__EXERCISE DATA__:
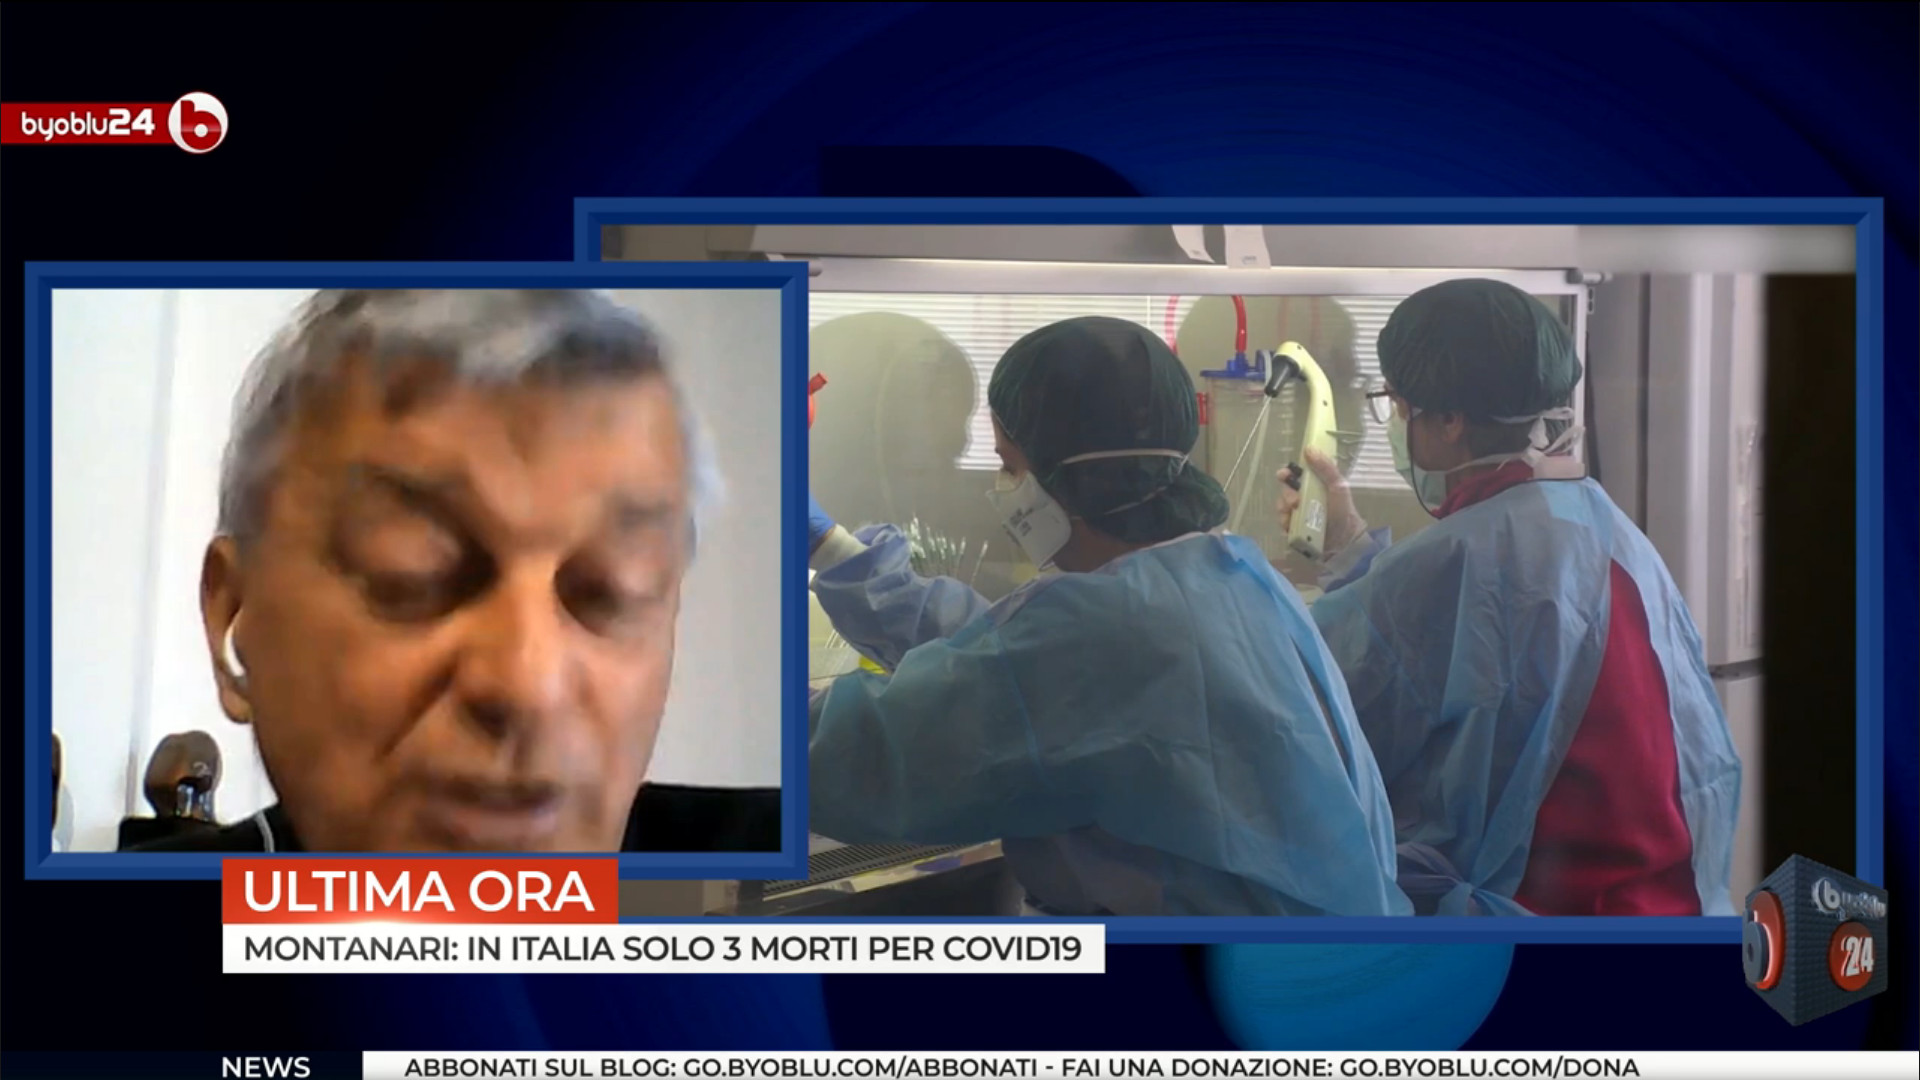 CLICCA QUI PER VEDERE IL VIDEO "Stefano Montanari, Byoblu, morti da coronavirus covid-19"
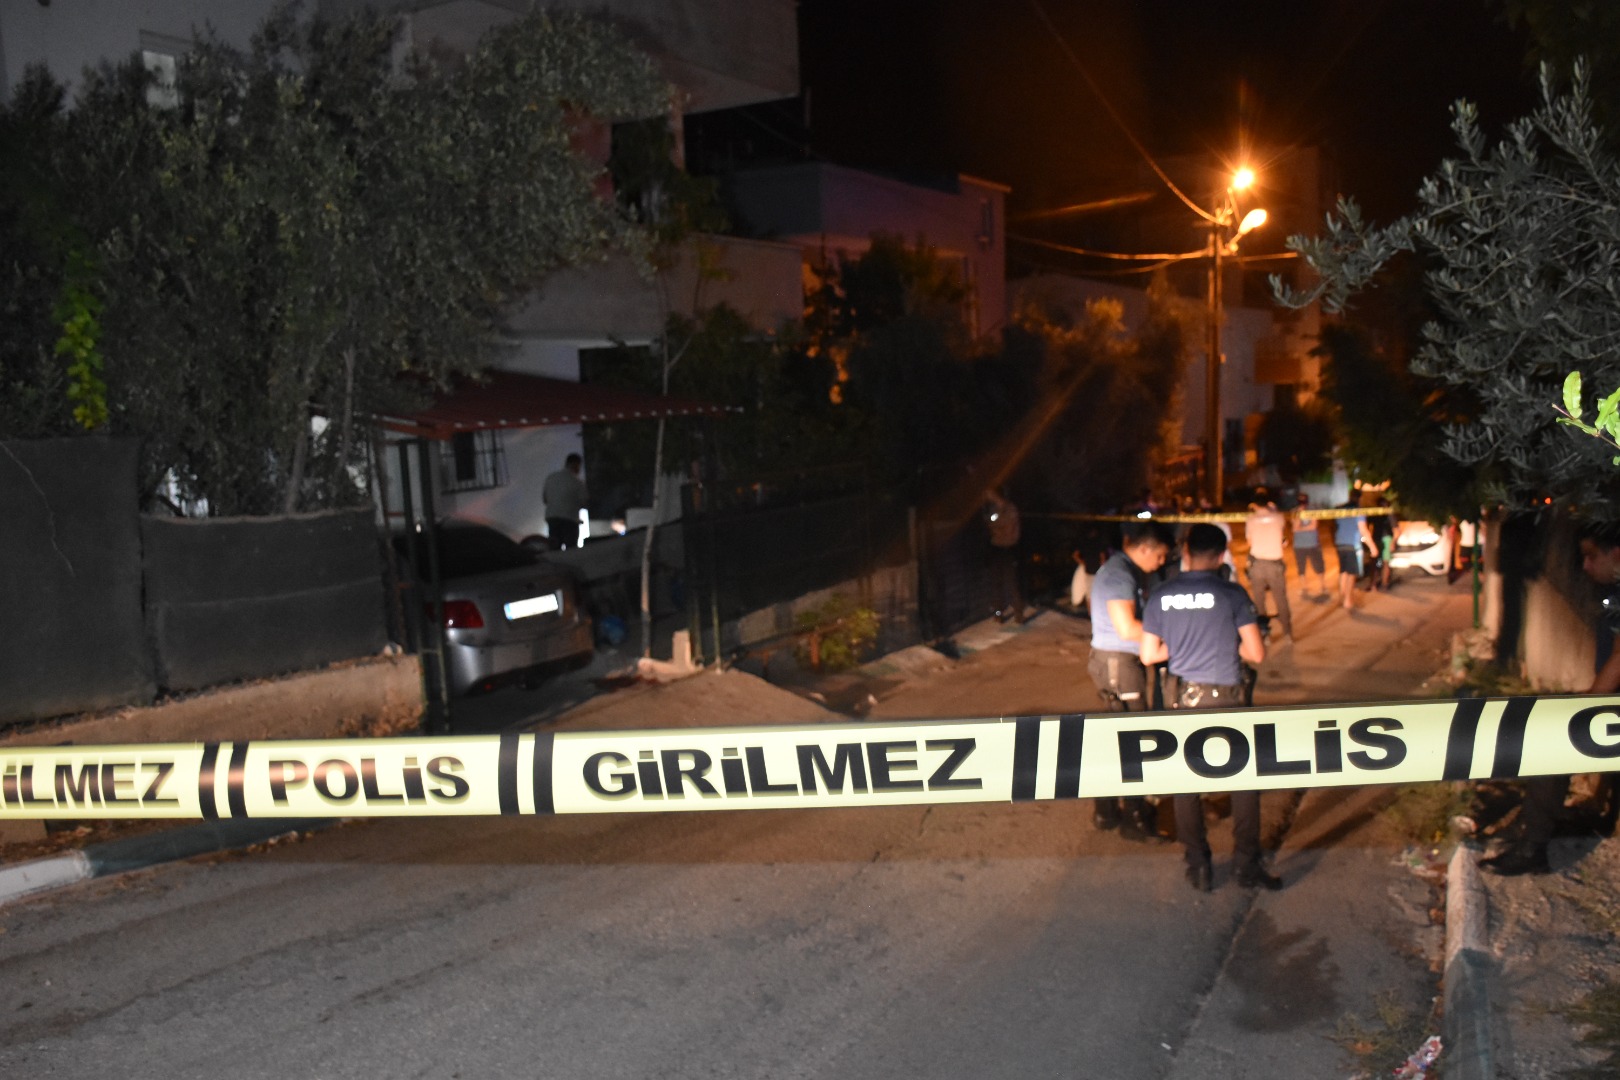 Adana'da kiracı, tartıştığı ev sahibi ile kardeşini vurdu
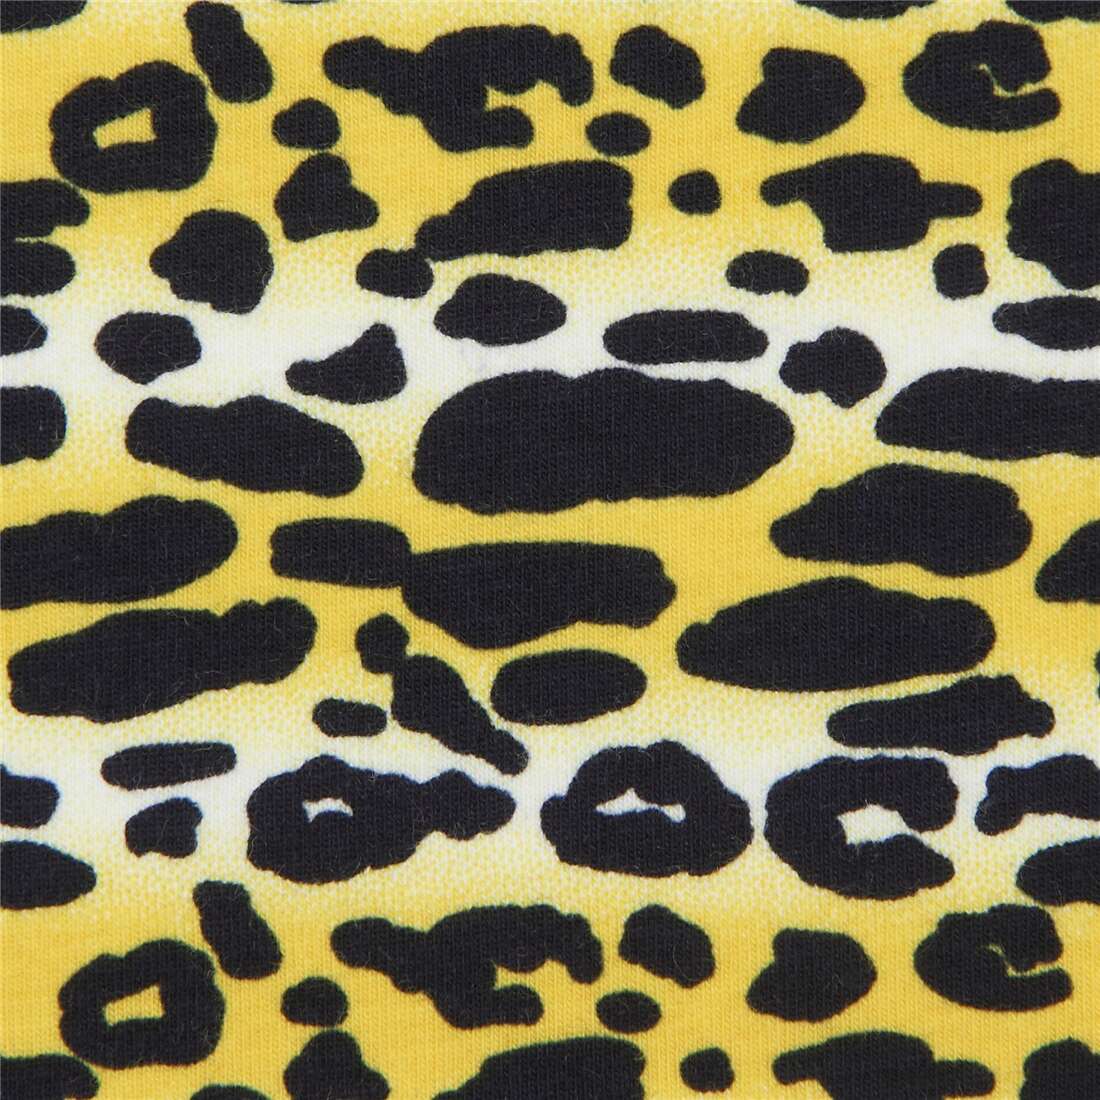 yellow zebra print wallpaper
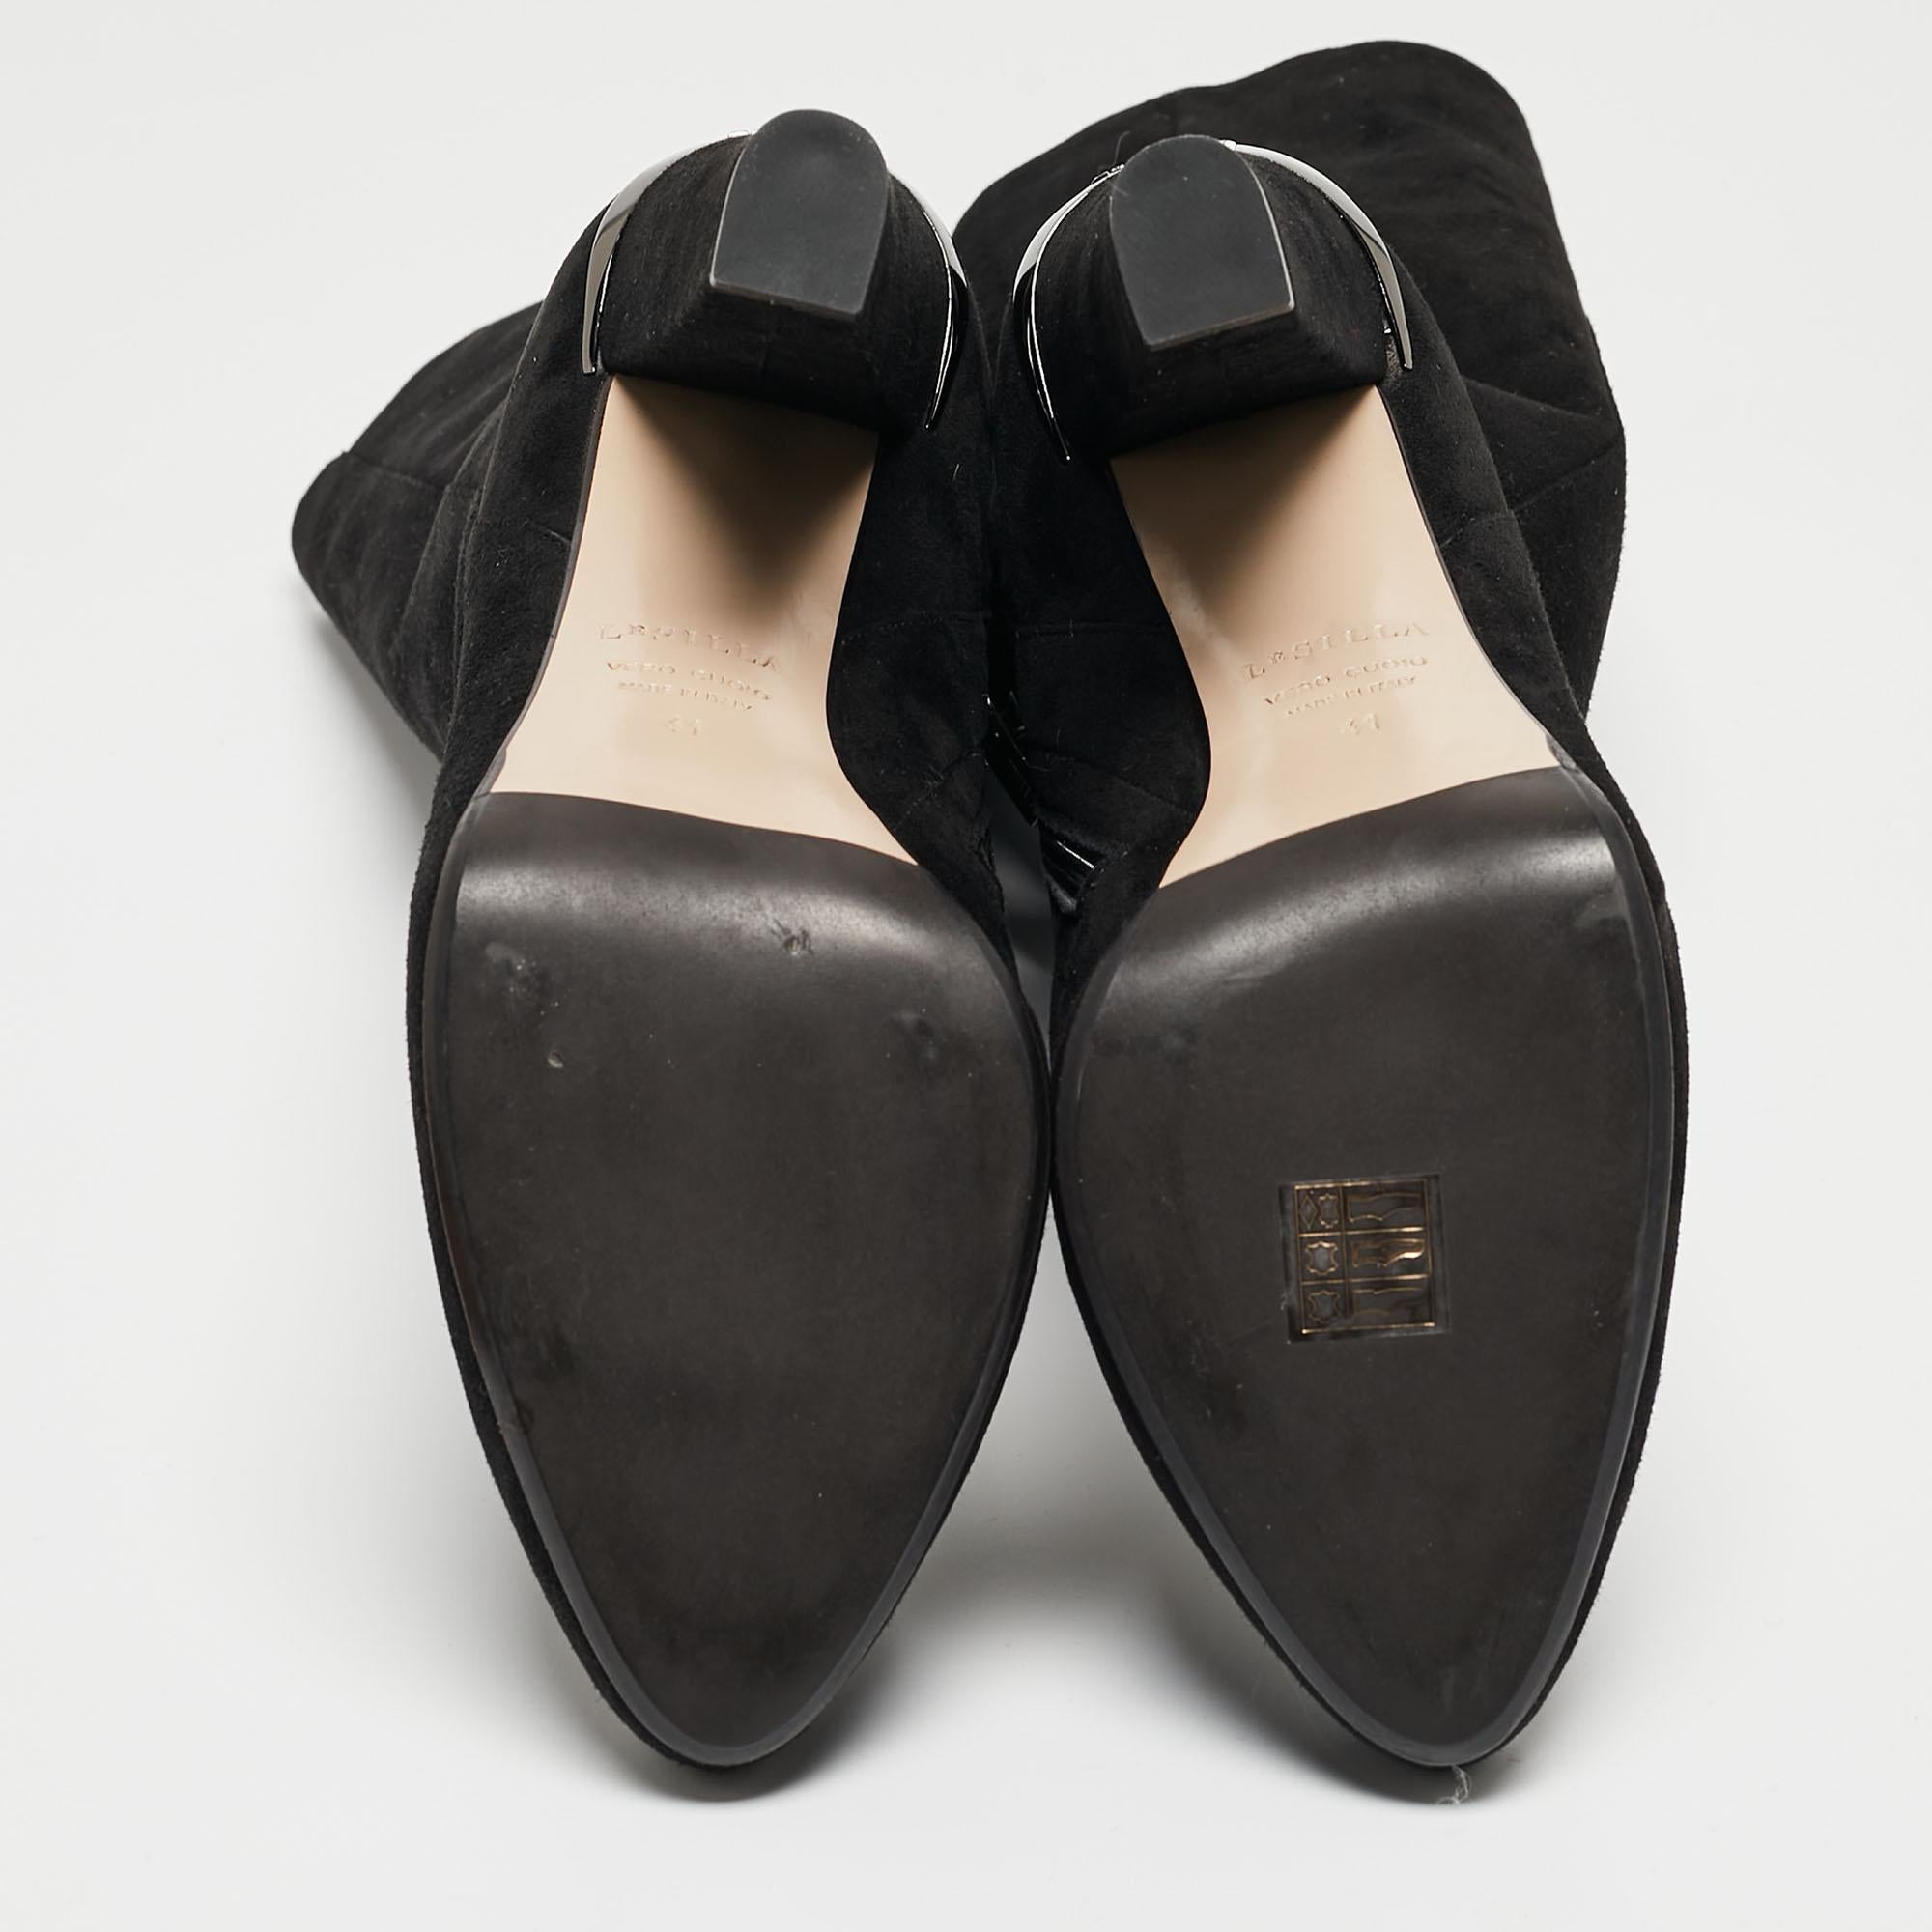 Women's Le Silla Black Suede Platform Mid Calf Boots Size 41

__WHAT THE EXERCISE ASKS__: Repeat the line containing "Adana'da kiracı, tartıştığı" and every line after it up to the end of the material above, exactly as they stand, minus the pictures.

__SOLUTION TO THIS TASK__:
 Adana'da kiracı, tartıştığı ev sahibi ile kardeşini vurdu
 yellow zebra print wallpaper
 Women's Le Silla Black Suede Platform Mid Calf Boots Size 41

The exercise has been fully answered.